It is situated in the Salzburg Pinzgau region, in the valley of the Urslau creek, a tributary of the Saalach river, running between the Steinernes Meer mountain range with the Hochkönig massif (part of the Berchtesgaden Alps) in the north and the Salzburg Slate Alps in the south. The municipal area is located about 5 km east of Saalfelden on the road to Bischofshofen. It comprises the cadastral communities of Aberg, Alm, Hinterthal, and Winkl.

==History==
Settled by Bavarian tribes in the 6th and 7th century AD, a knightly dynasty von der Almb is documented from about 1160 onwards.

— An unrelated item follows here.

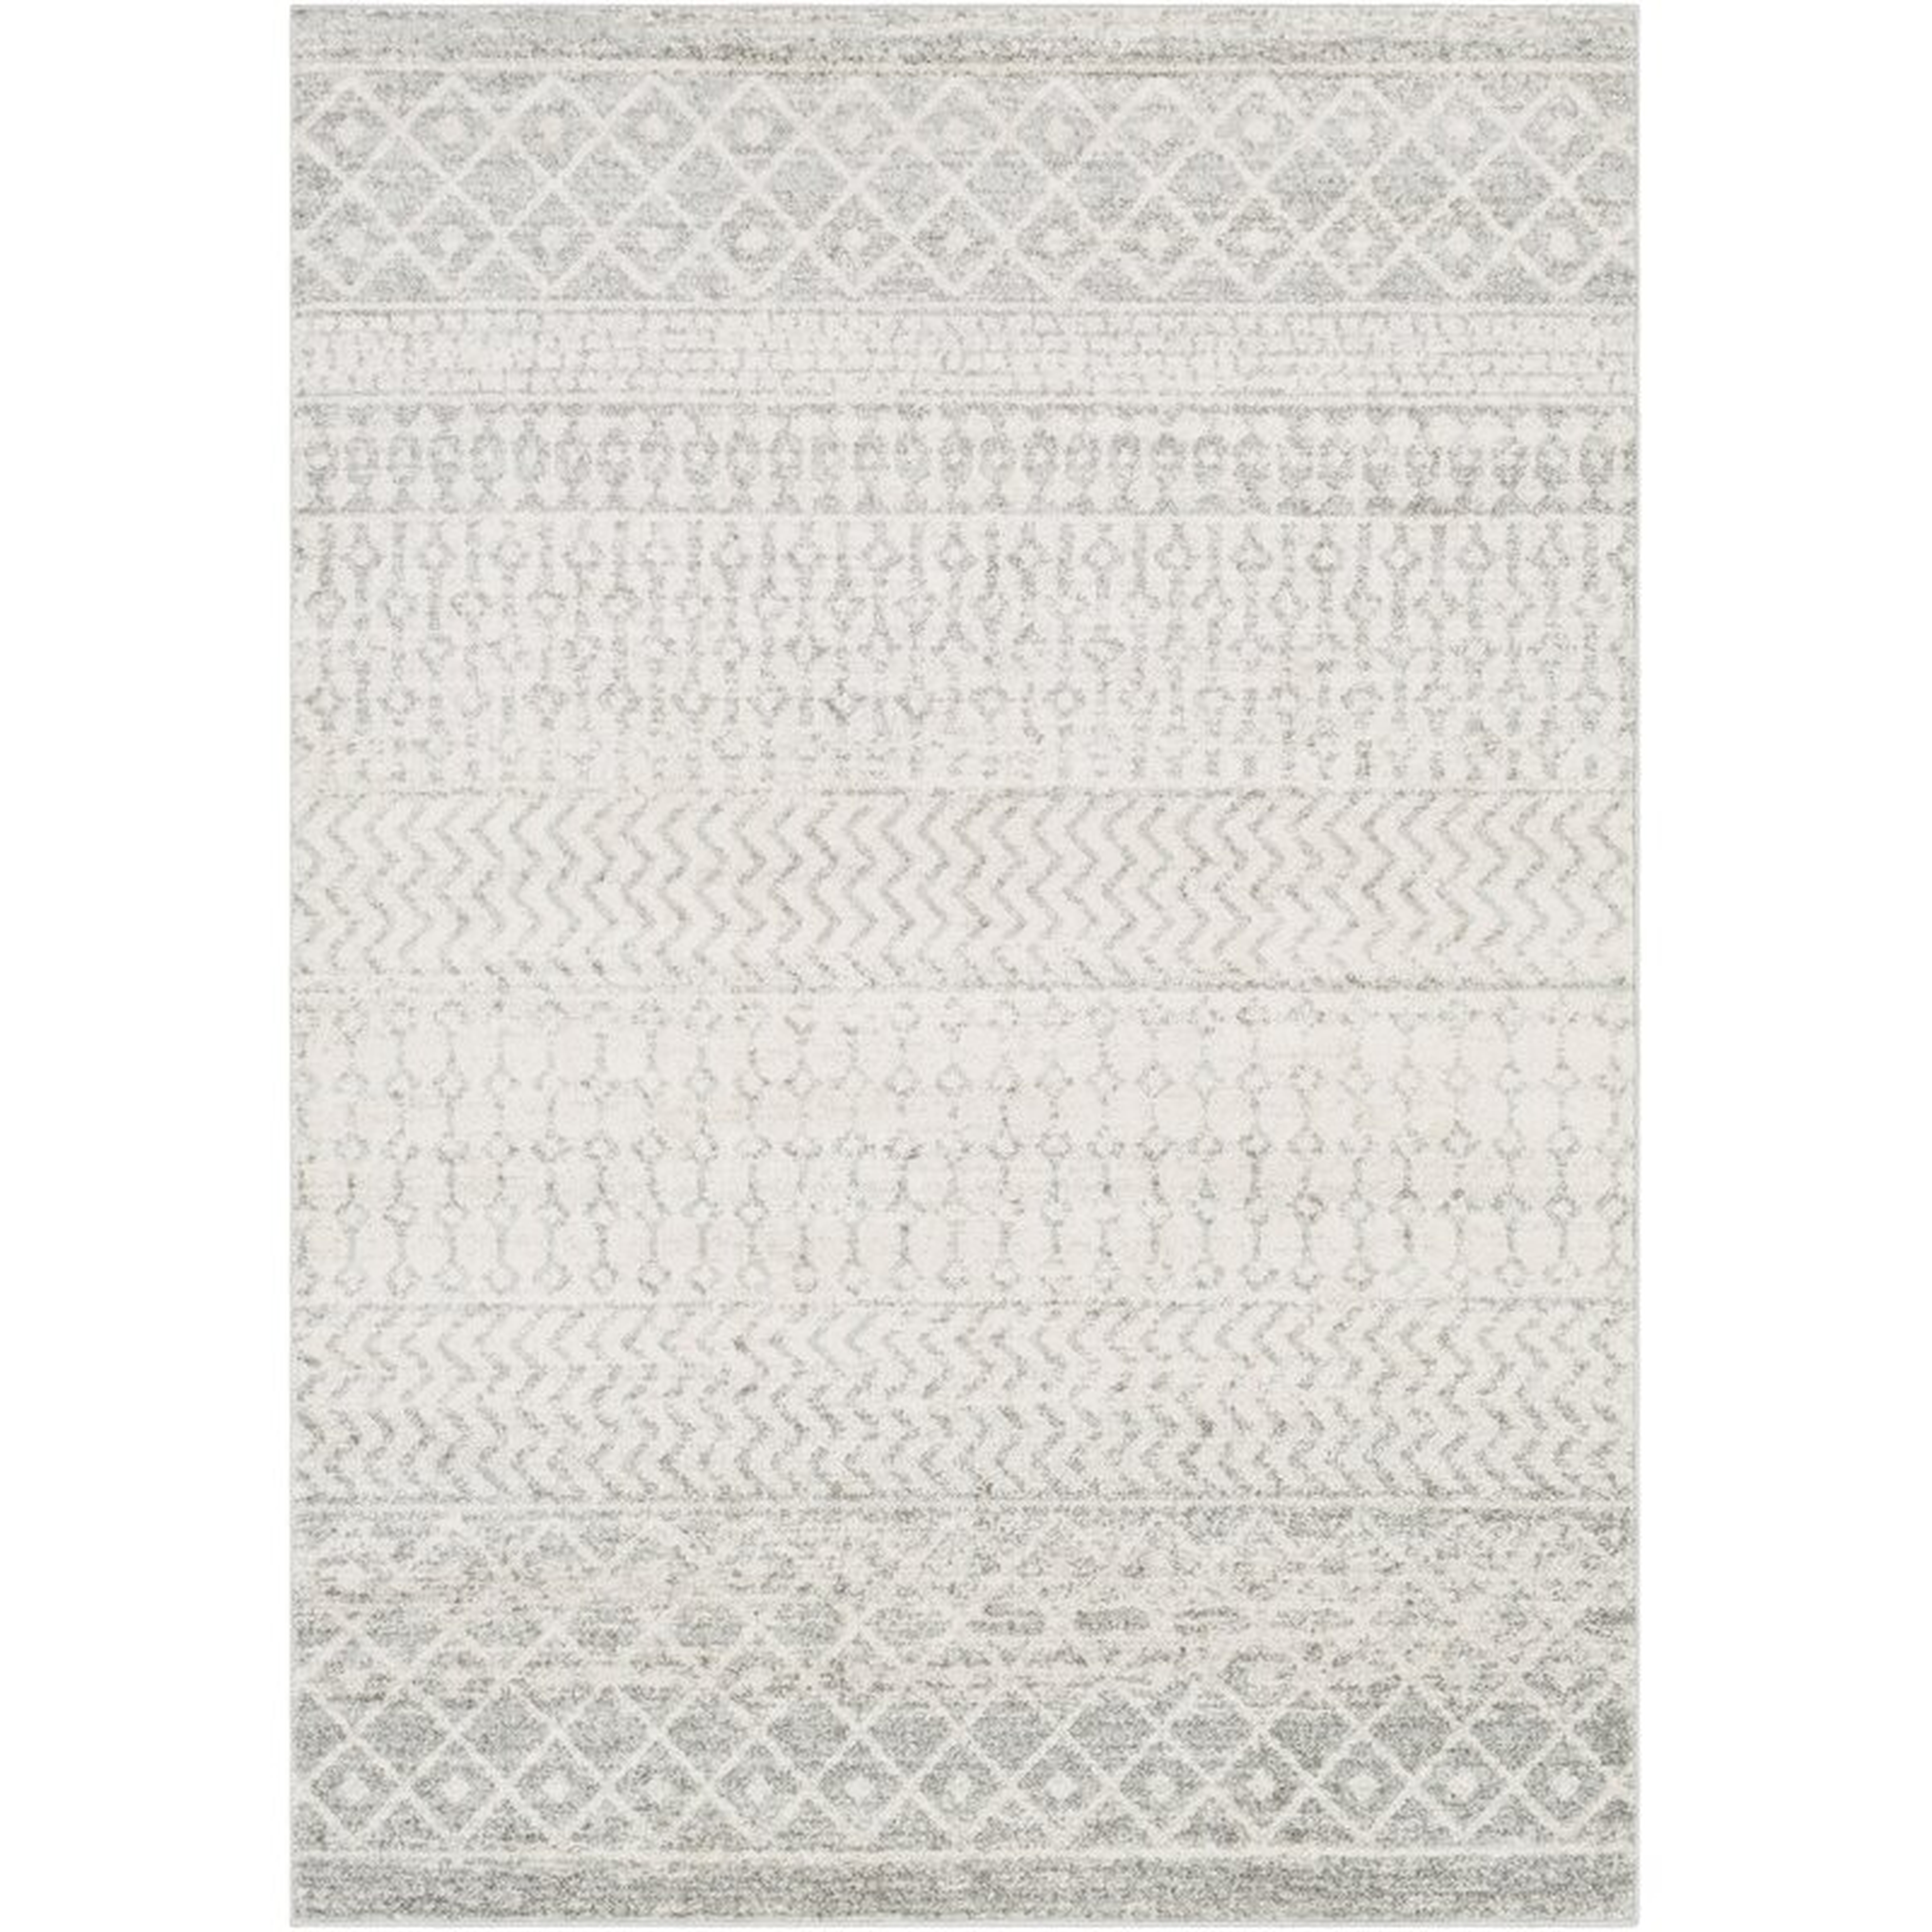 Kenmore Geometric Area Rug, Gray & White, 7'10" x 10'3" - Wayfair

The parish church of Maria in der Almb was first mentioned in 1374 when the area was part of the Archbishopric of Salzburg. Under the rule of Prince-Archbishop Count Leopold Anton von Firmian, it was rebuilt in the present Baroque style around 1730 and received its characteristic spire. At the same time, numerous Protestant subjects were expelled from Salzburg and found a new home in the far away lands around Gumbinnen in East Prussia, where they settled at the invitation of King Frederick William I.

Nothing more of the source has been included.